Wer hätte vor 12 Monaten gedacht, dass wir innerhalb der Weltgesellschaft in diesem Jahr eine ungeheure Mutation erleben würden ─ vom Homo sapiens zum Homo coronicus, einem gleichgeschalteten, angstgesteuerten Wesen mit maskenbedingt vorgewölbter Mundpartie und einem krampfhaften Vermeidungsverhalten, wenn sich Artgenossen nähern? Wir befinden uns auf dem Weg in einen Transhumanismus, der vorerst ohne Cyborgimplantate auskommt. Den Suggestionen journalistischer und wissenschaftlicher Hofschranzen folgend, wollen viele den Menschen alten Typs überwinden, wollen mehr als menschlich sein und sind gerade deshalb dabei, weniger als das zu werden. Transhumanismus ist wie Prähumanismus vor allem eines: inhuman.

Das Virus ist nicht inexistent, nein. Wie ein Luftballon, der im Originalzustand ein schlaffes, kleines Ding ist, wurde auch Corona nur groß, weil man sehr viel Luft hineingeblasen hat ─ ein Gasgemisch aus Behauptungen, Fantasien und Ängsten.

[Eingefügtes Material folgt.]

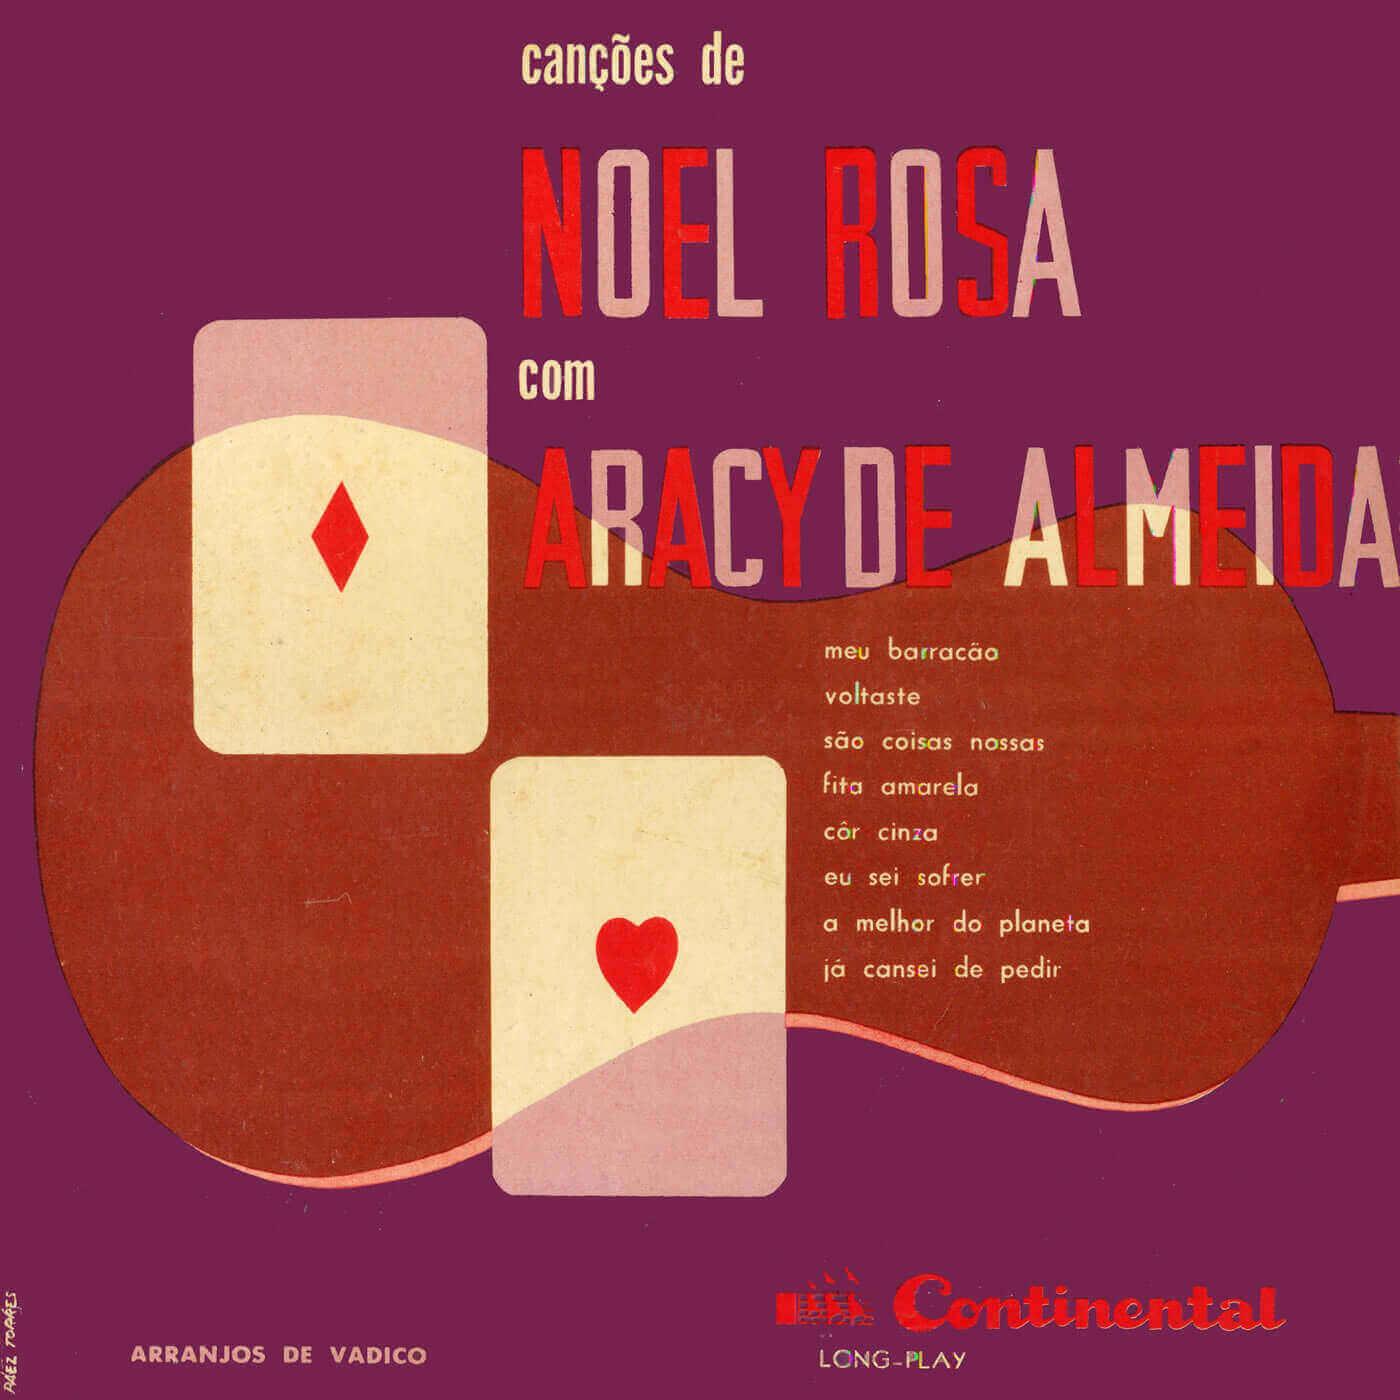 Canções de Noel Rosa Com Aracy de Almeida

Viele dieser Aufbläser sind Journalisten wie wir. Sie tragen willfährig das große Gerücht weiter, das Gespinst einer historischen Bedrohung, die es angeblich notwendig macht, dass die Weltgesellschaft aus Angst vor dem Tod Suizid begeht. Sie tun es, teils weil sie wirklich an die große Corona-Erzählung glauben, teils weil sie meinen, von Berufs wegen daran glauben zu müssen ─ vielleicht aus Angst, ihre journalistische Existenz zu verlieren, sofern sie nicht aufhören, Journalisten zu sein.

Wer sich jetzt präventiv vor der im Aufbau befindlichen Diktatur duckt, beschleunigt jedoch eben dadurch den Prozess ihrer Etablierung. Umgekehrt hätte entschlossenes, mutiges Handeln aller, denen schon in der Frühphase die ganze Hysterie spanisch vorkam, vielleicht das Schlimmste verhindern können. Die abwartende Zaghaftigkeit und Entscheidungsschwäche eines Großteils auch der politisch wachen Menschen hatte wesentlichen Anteil an der Misere.

„Aufklärung“ steht als Bezeichnung für eine historische Epoche wie einen Bewusstseinsprozessen der „Aufhellung“ noch immer in hohem Ansehen. Derzeit erleben wir allerdings das Gegenteil: eine kollektive Verdunklung des Zeitgeists, „Disenlightenment“. Schon Erlerntes und vorschnell als selbstverständlich Betrachtetes geht in einem rapiden Prozess verloren: so etwa Meinungspluralität, differenziertes und kritisches Denken, der Respekt vor Freiheit und Individualität. Stattdessen triumphieren Zwangsherrschaft, Schwarze Pädagogik, Gleichschaltung und die dramatische Reduktion von Komplexität auf das der Staatsmacht und dem politisch-pharmazeutischen Komplex Genehme. All dies geschieht interessanterweise unter Berufung auf die Wissenschaft. Und es geschieht unter dem unablässigen Kopfnicken von Intellektuellen ─ auch solchen, die sich vormals als Liberale, Sozialisten oder gar Anarchisten verstanden haben.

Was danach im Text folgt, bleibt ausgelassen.